Statistical analysis. To model longitudinal changes of PON1 enzyme activity, we used generalized estimating equations (GEEs) with an exchangeable correlation structure because we had repeated measures on individual subjects. This method is often advantageous in longitudinal models because inferences based on robust estimators are less dependent on the assumption that the data are normally distributed (Hox 2002). Correlations of measurements on individuals at various ages were similar. We created separate models for each of the three outcomes, AREase, CPOase, and POase activity. Independent variables in the model included age (years), PON1 genotype (either PON1192 or PON1-108), and an inter-action term between age and PON1 genotype (age × PON1192 or age × PON1-108). Because the number of specimens collected at 1 year of age was much smaller than at other time points, we also ran GEE models without this time point. However, because results did not change significantly, we show only the GEE models using all time points.
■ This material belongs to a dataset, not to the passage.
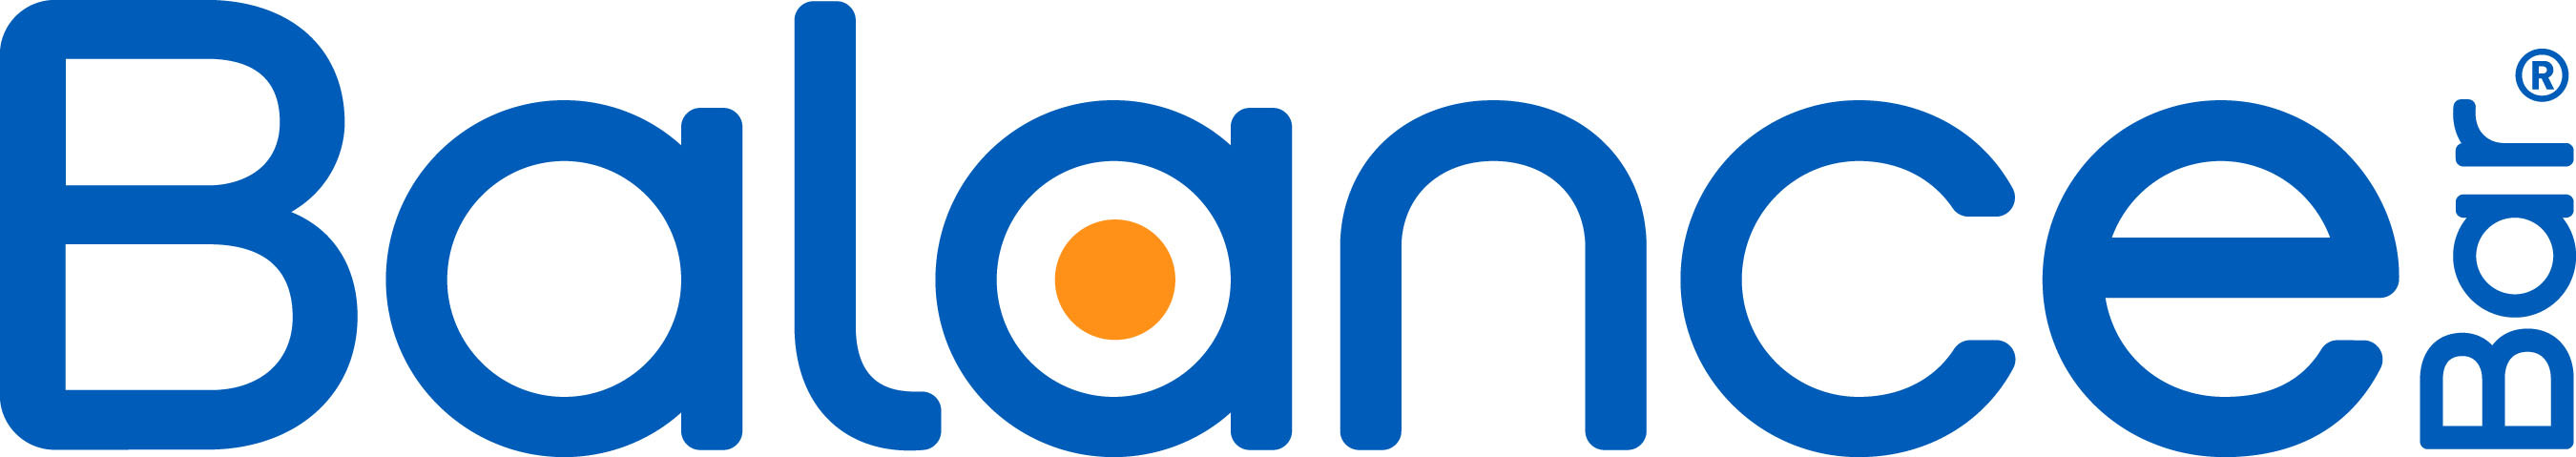 Balance Bar Logo

We previously established that storage duration can affect PON1 activity, particularly in specimens that had been stored for > 2 years (Huen et al. 2009). PON1 activity decreased on average by 17.1%, 39.4%, and 37.6% for AREase, CPOase, and POase, respectively after 5 years of storage (p < 0.001 for all three assays). This decline of PON1 enzymatic activity over time has also been reported in other studies (Brackley et al. 1983; Stenzel et al. 2007). In this study, specimens collected at earlier ages were sometimes stored for > 2 years, so age and storage duration were inversely correlated with each other (Pearson’s correlation coefficient r = 0.986). To estimate the effects of age while taking into account the potential effects of storage duration, we generated a storage duration correction factor using pilot data from a previous study (Huen et al. 2009). Briefly, parallel aliquots of specimens from 95 subjects were assayed after 2 years and 7 years of storage at −80°C. Measured AREase, CPOase, and POase activities were significantly lower after 7 years of storage compared with 2 years of storage. Using these data, we constructed linear models to predict the percent change in PON1 activity as a function of years of storage duration and storage duration × assay temperature. The models including an interaction between storage duration and assay temperature had the lowest Akaike Information Criterion and were thus selected to be used to determine the correction factors. The intercept was constrained to equal zero. We then used the resultant coefficients from these models as correction factors to predict the PON1 activity (AREase, CPOase, POase) at a storage time of zero years, and used the storage duration–corrected PON1 activity measures in subsequent GEE models to determine the effects of age on PON1 activity as described above.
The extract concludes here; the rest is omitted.